● Data:
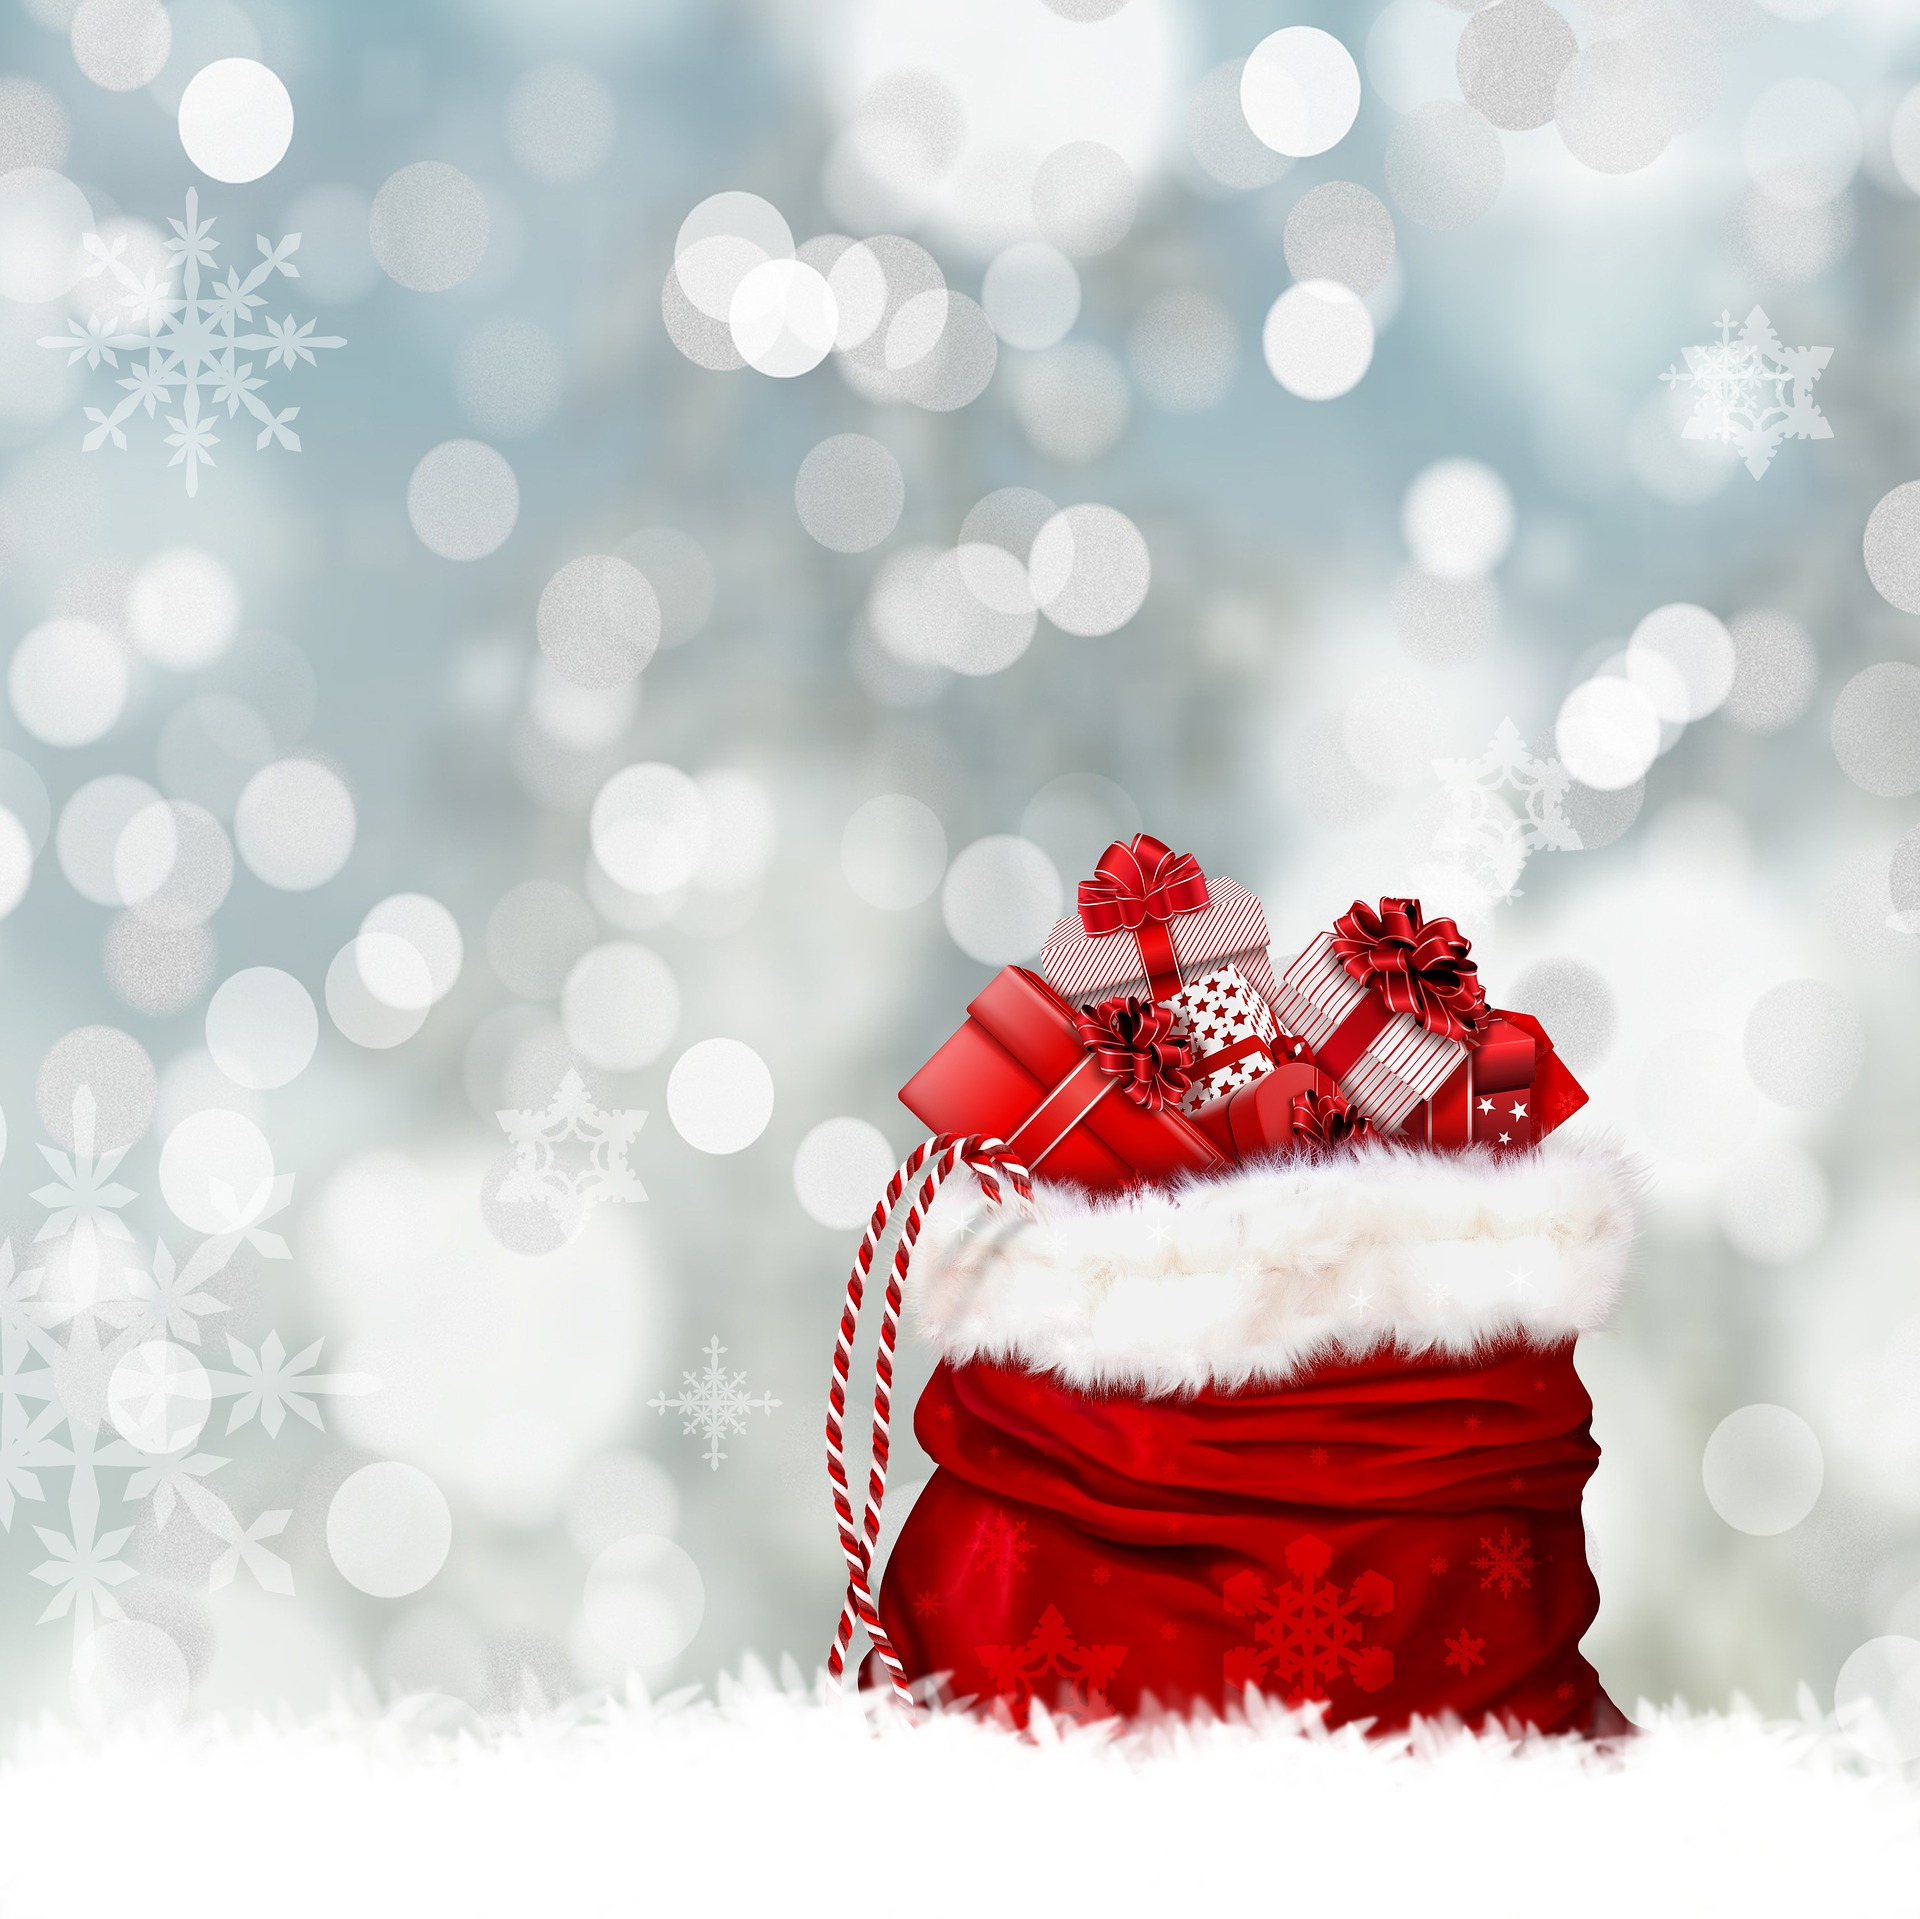 Weihnachtshintergrundbilder Zum Herunterladen für Weihnachtsbilder Gratis Vorlagen
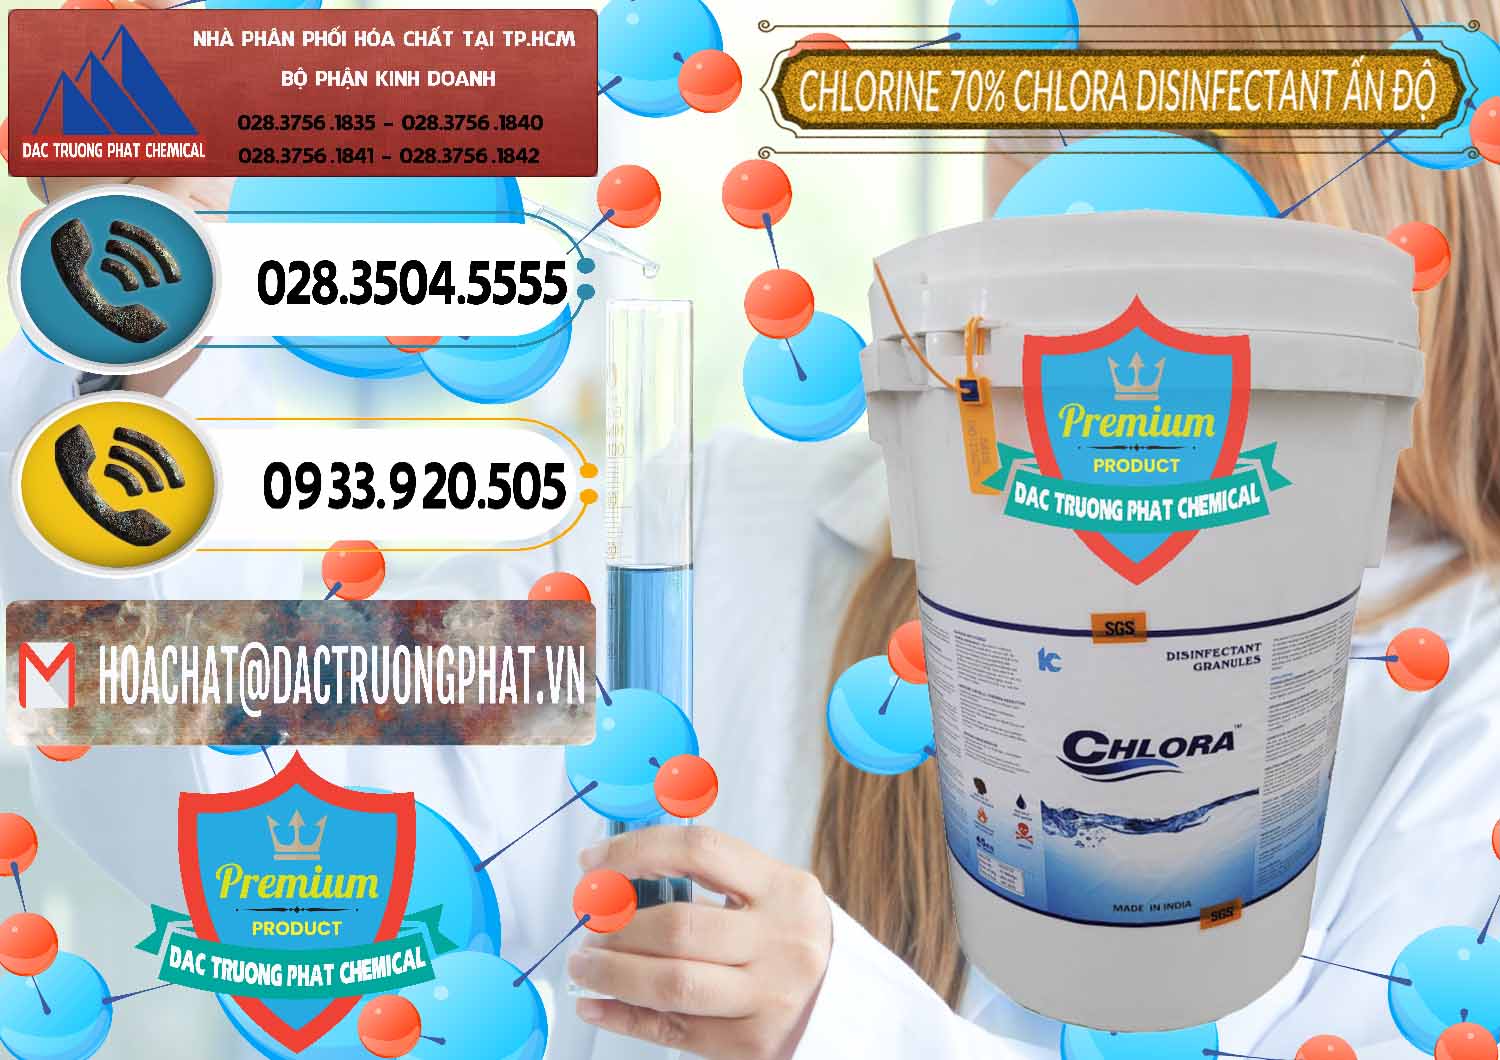 Chuyên phân phối _ bán Chlorine – Clorin 70% Chlora Disinfectant Ấn Độ India - 0213 - Bán - phân phối hóa chất tại TP.HCM - hoachatdetnhuom.vn
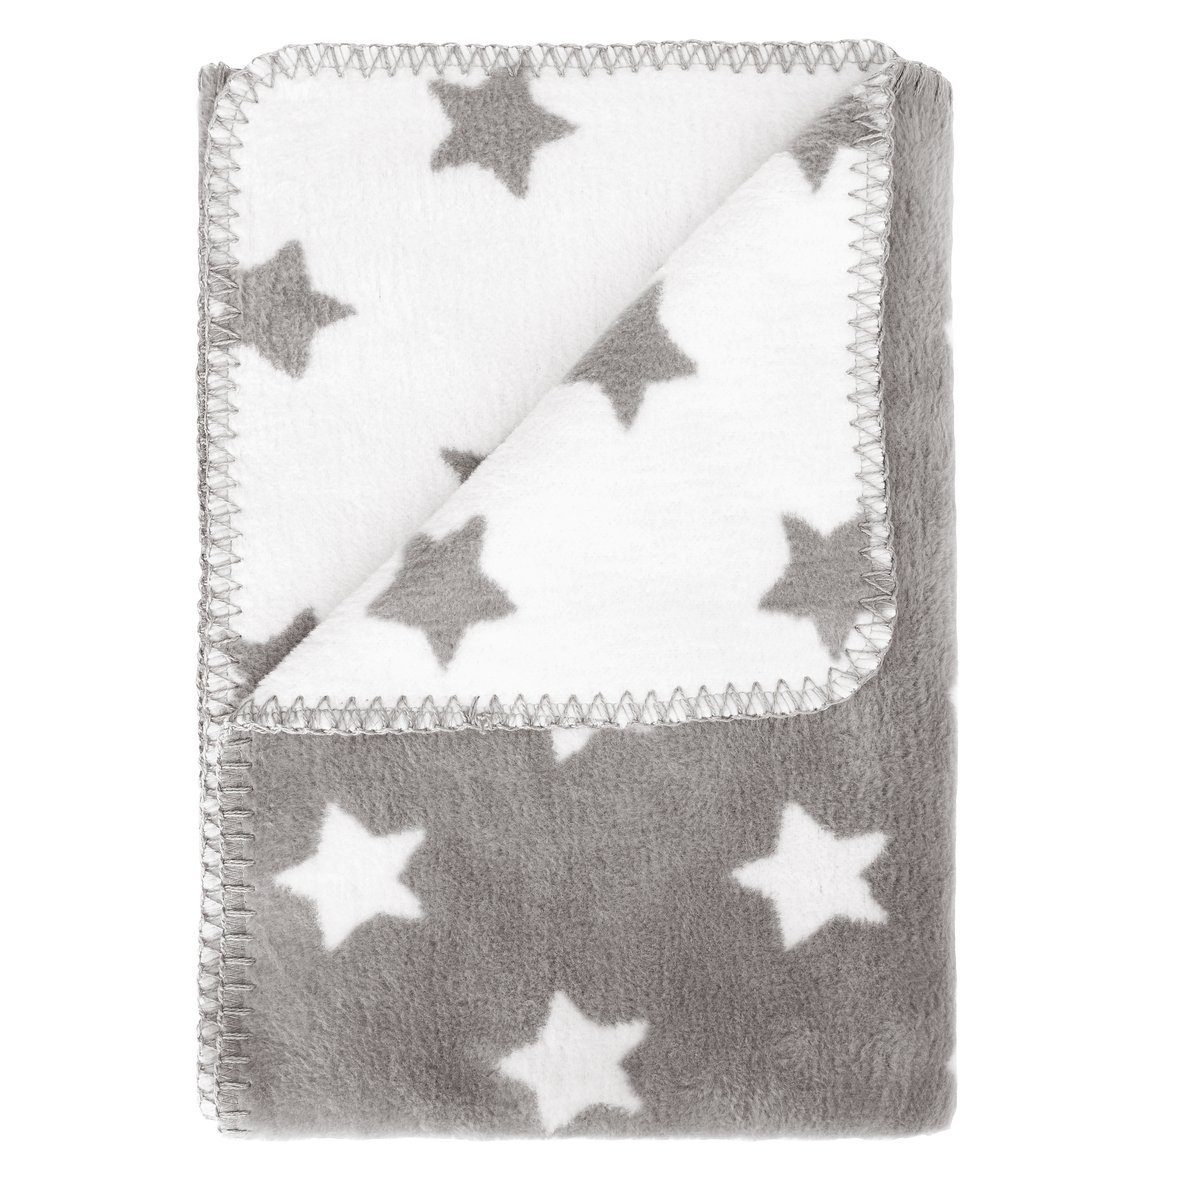 Babydecke perfekt für Kinderwagen, Babyschale, Krabbeldecke, Babybett, kids&me, kuschelig weiche Decke für Babys mit Sternen - ÖKOTEX grau

● Directions for this task: Nothing but the lines from the first line of the data above through the line holding "Chuyên phân phối" may appear in the response, copied exactly and without pictures.

● Task response:
 Weihnachtshintergrundbilder Zum Herunterladen für Weihnachtsbilder Gratis Vorlagen
 Chuyên phân phối _ bán Chlorine – Clorin 70% Chlora Disinfectant Ấn Độ India - 0213 - Bán - phân phối hóa chất tại TP.HCM - hoachatdetnhuom.vn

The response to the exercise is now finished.